With Chopra’s silver and four bronze medals, three of them coming from the shooting contingent last week, India stood 63rd in the medals table. Arch-foes Pakistan were 10 notches above thanks to Nadeem’s gold, the country’s lone medal at the big event.
A day after wrestler Vinesh Phogat’s heartbreaking disqualification from the 50kg gold medal bout, the Indian contingent was desperately hoping for medals from the hockey team and Chopra.
Both delivered but Chopra, despite becoming a bonafide legend in Indian athletics with his consecutive Olympic medals, was a shade underwhelming, managing just one legitimate throw, the medal-winning 89.45m effort.

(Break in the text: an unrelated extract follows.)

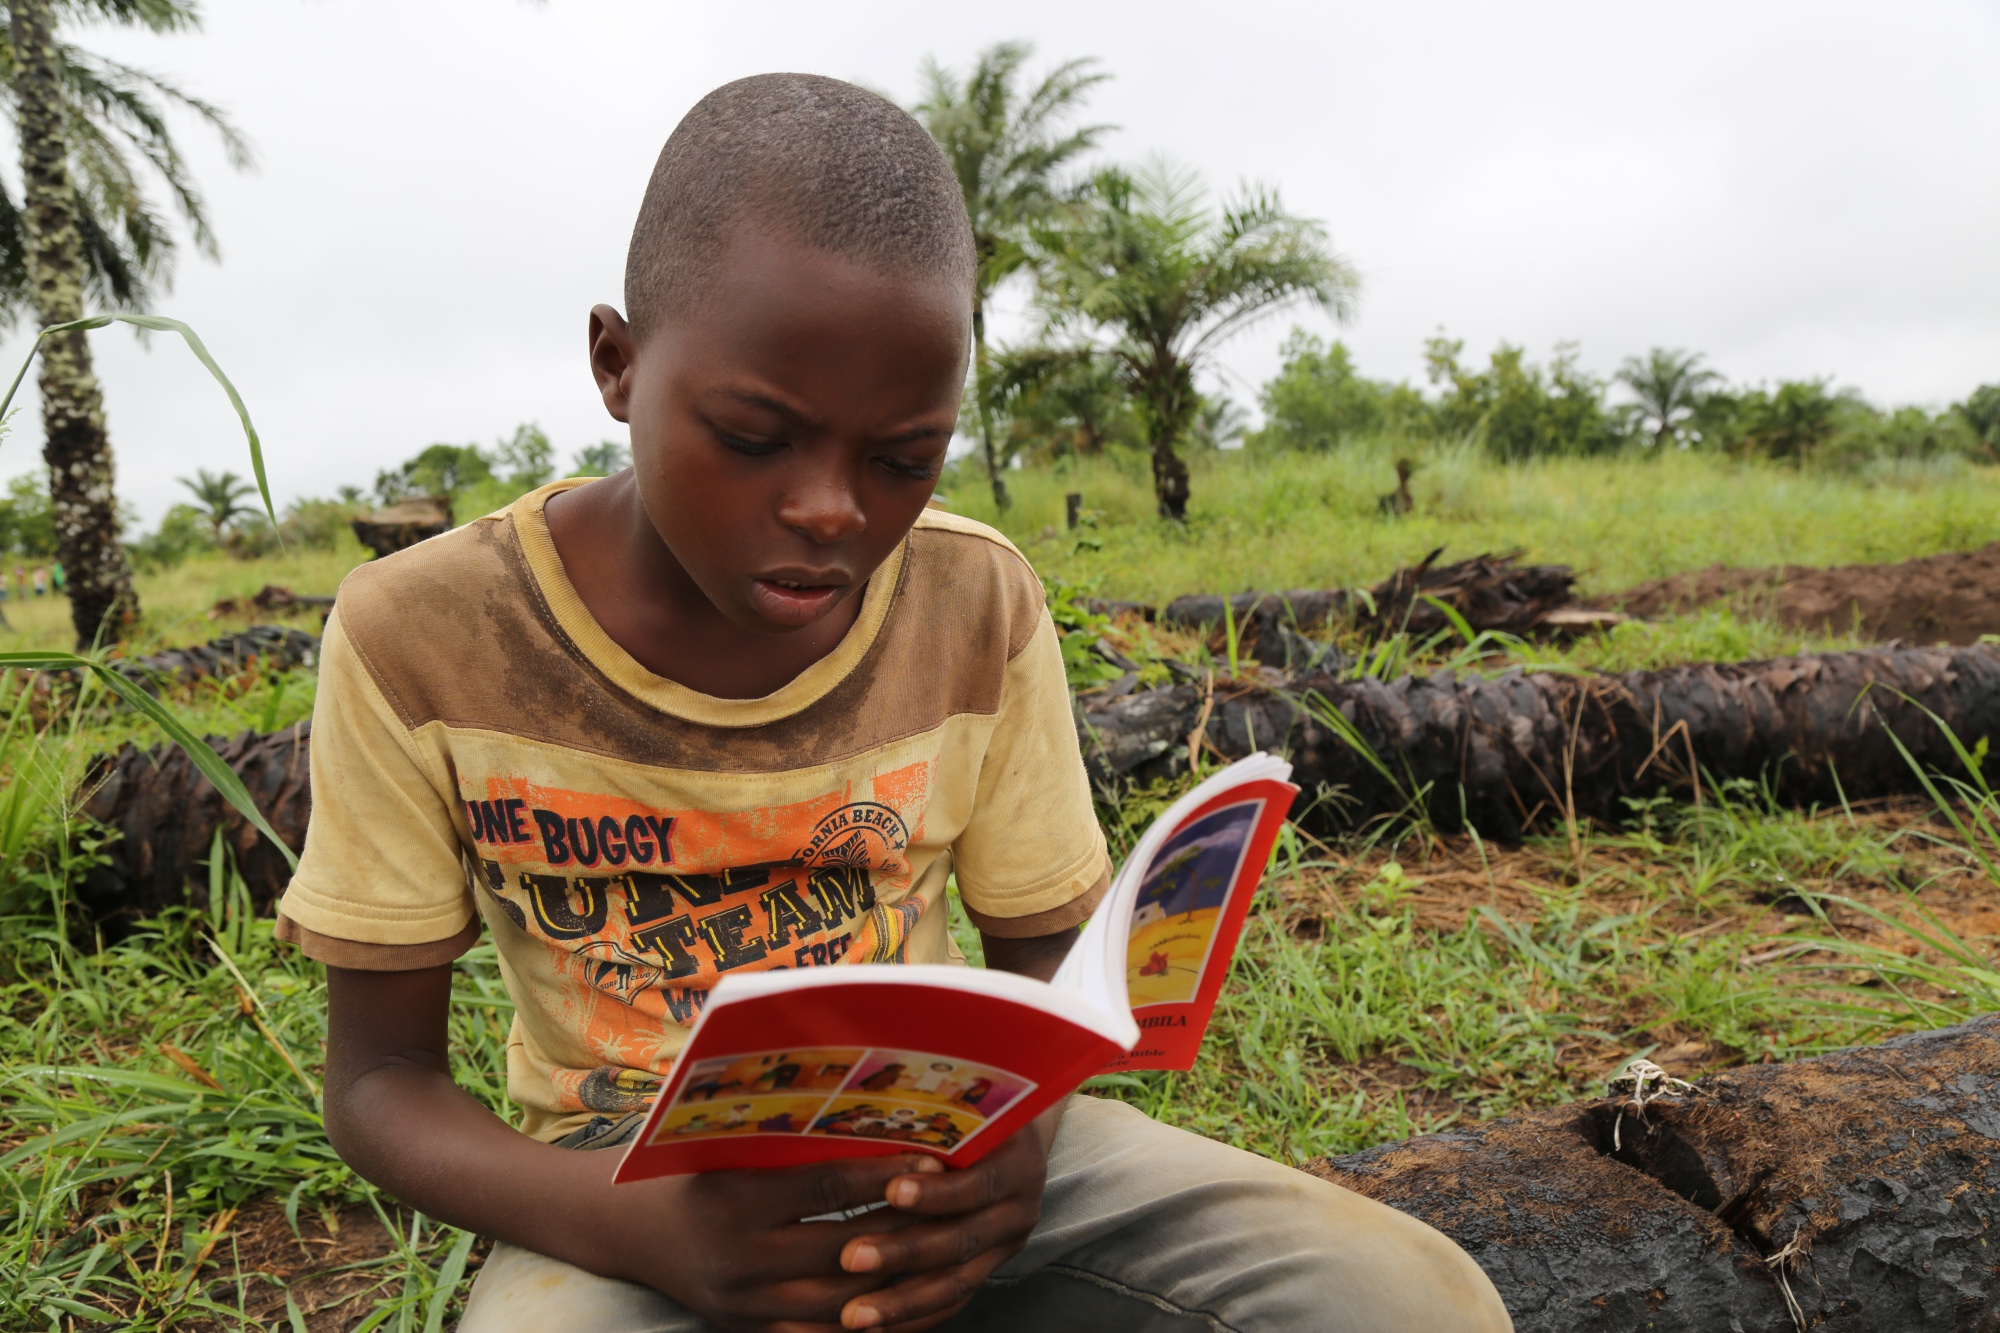 Ndibu, is a 13-year-old boy from Kasai, Democratic Republic of Congo, is reading a book. Ndibu wants to be an English teacher when he grows up.

It was a season’s best performance but not enough to get him the gold, which was snared by Nadeem with a throw of 92.97m, a new Olympic record that left the Stade de France stunned.
The earlier Olympic record stood at 90.57m in the name of Andreas Thorkildsen of Norway, set during the 2008 Beijing Games.
Thorkildsen was watching the proceedings from the stands, along with three-time Olympic champion and world record (98.48m) holder Jan Zelezny of Czech Republic.
Nonetheless, Chopra became only the third Indian and the first in track and field to win back-to-back individual Olympic medals.
Only wrestler Sushil Kumar (2008 and 2012) and shuttler PV Sindhu (2016 and 2021) have won back-to-back Olympic medals.